The Working Group found no conclusive evidence for a carcinogenic effect of drinking coffee. However, the experts did find that drinking very hot beverages probably causes cancer of the oesophagus in humans.
The Working Group also assessed maté – an infusion made from dried leaves of Ilex paraguariensis. Maté is consumed mainly in South America and to a lesser extent in the Middle East, Europe, and North America. Maté is traditionally drunk very hot (at about 70 °C). No conclusive evidence was found for drinking maté at temperatures that are not very hot.
“These results suggest that drinking very hot beverages is one probable cause of oesophageal cancer and that it is the temperature, rather than the drinks themselves, that appears to be responsible,” says Dr Christopher Wild, IARC Director.

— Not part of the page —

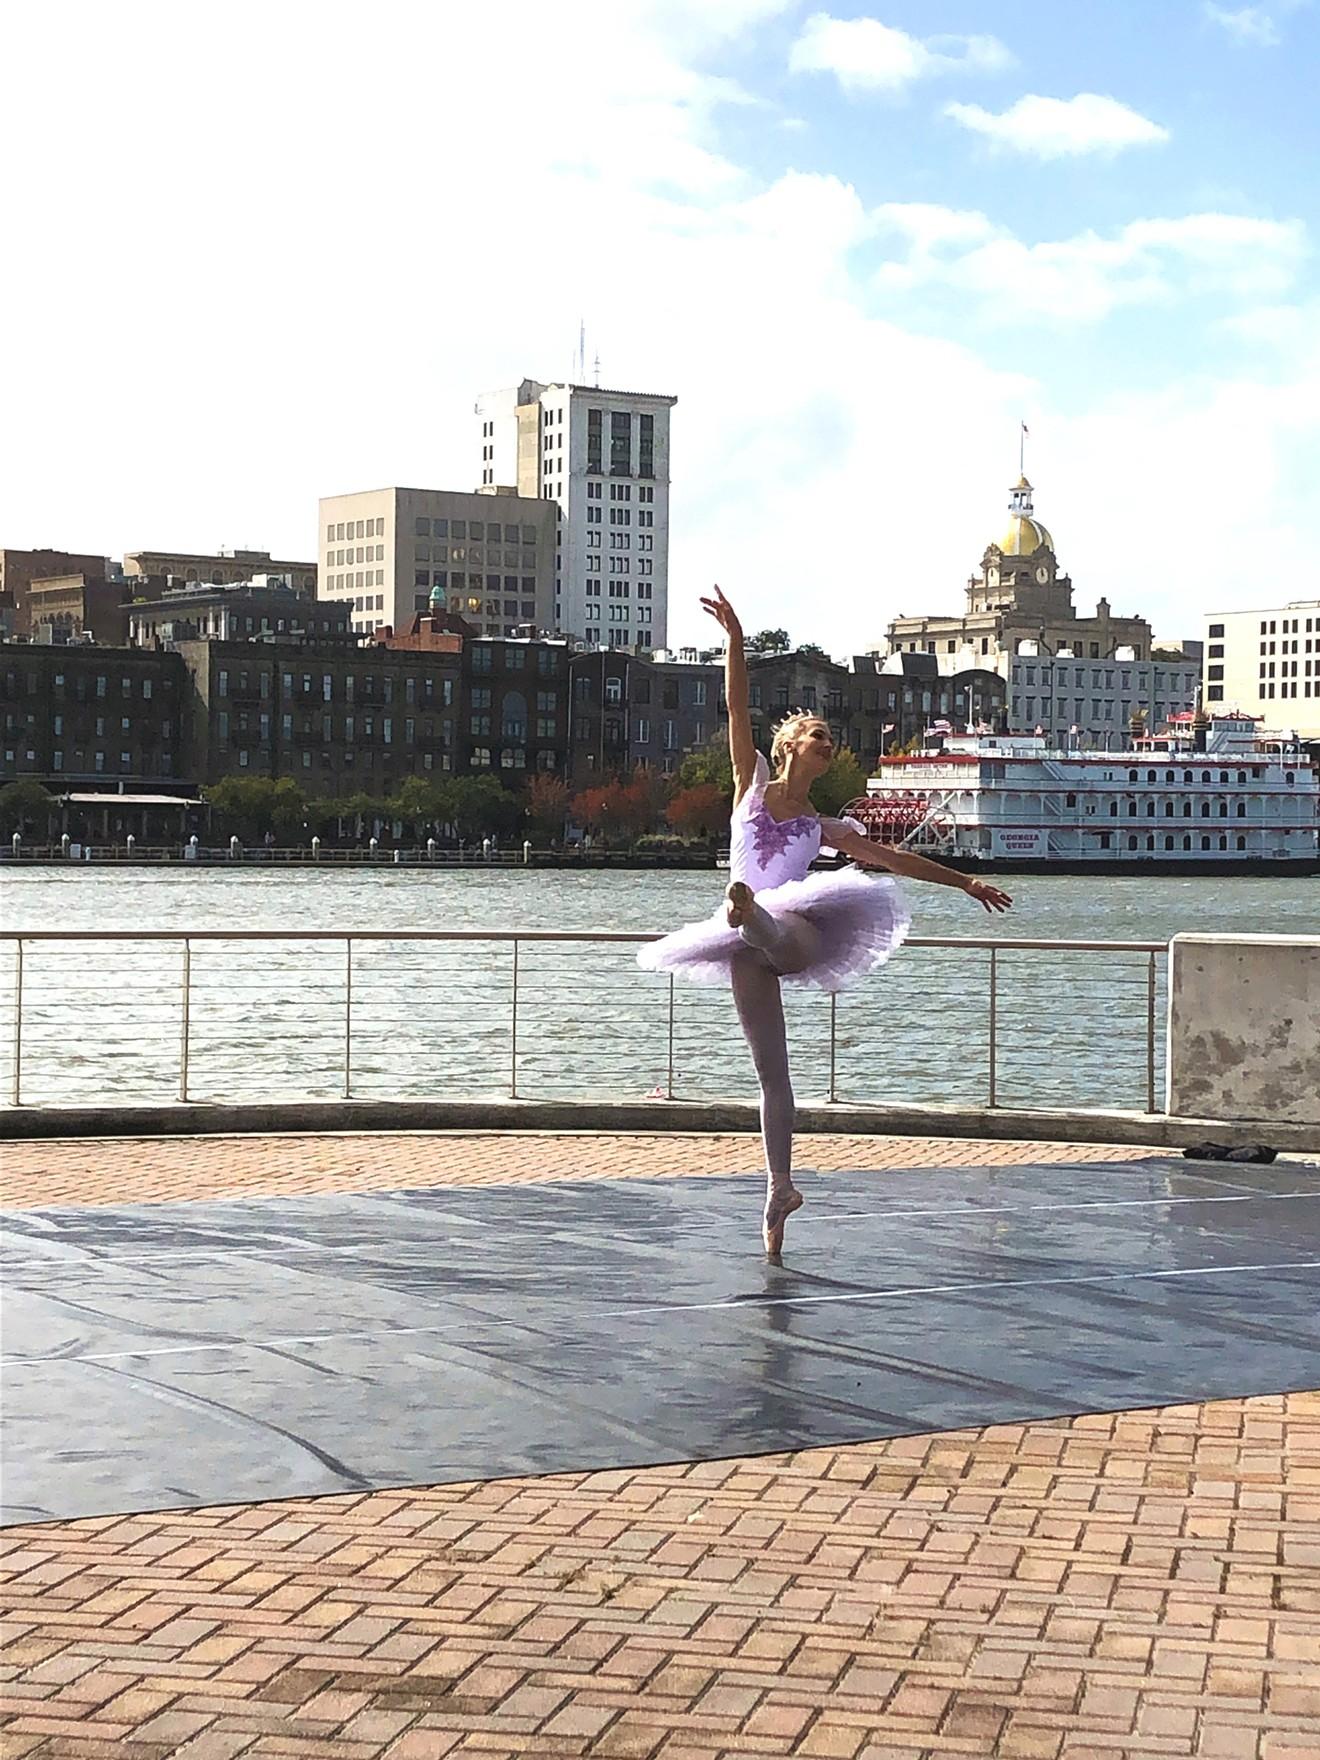 A member of Savannah Ballet dances on River St.

Risk of oesophageal cancer increases with beverage temperature
Drinking very hot beverages was classified as probably carcinogenic to humans (Group 2A). This was based on limited evidence from epidemiological studies that showed positive associations between cancer of the oesophagus and drinking very hot beverages. Studies in places such as China, the Islamic Republic of Iran, Turkey, and South America, where tea or maté is traditionally drunk very hot (at about 70 °C), found that the risk of oesophageal cancer increased with the temperature at which the beverage was drunk. In experiments involving animals, there was also limited evidence for the carcinogenicity of very hot water.
“Smoking and alcohol drinking are major causes of oesophageal cancer, particularly in many high-income countries,” stresses Dr Wild. “However, the majority of oesophageal cancers occur in parts of Asia, South America, and East Africa, where regularly drinking very hot beverages is common and where the reasons for the high incidence of this cancer are not as well understood.”
“Inadequate evidence”
Drinking coffee was not classifiable as to its carcinogenicity to humans (Group 3). The large body of evidence currently available led to the re-evaluation of the carcinogenicity of coffee drinking, previously classified as possibly carcinogenic to humans (Group 2B) by IARC in 1991. After thoroughly reviewing more than 1,000 studies in humans and animals, the Working Group found that there was inadequate evidence for the carcinogenicity of coffee drinking overall. Many epidemiological studies showed that coffee drinking had no carcinogenic effects for cancers of the pancreas, female breast, and prostate, and reduced risks were seen for cancers of the liver and uterine endometrium. For more than 20 other cancers, the evidence was inconclusive.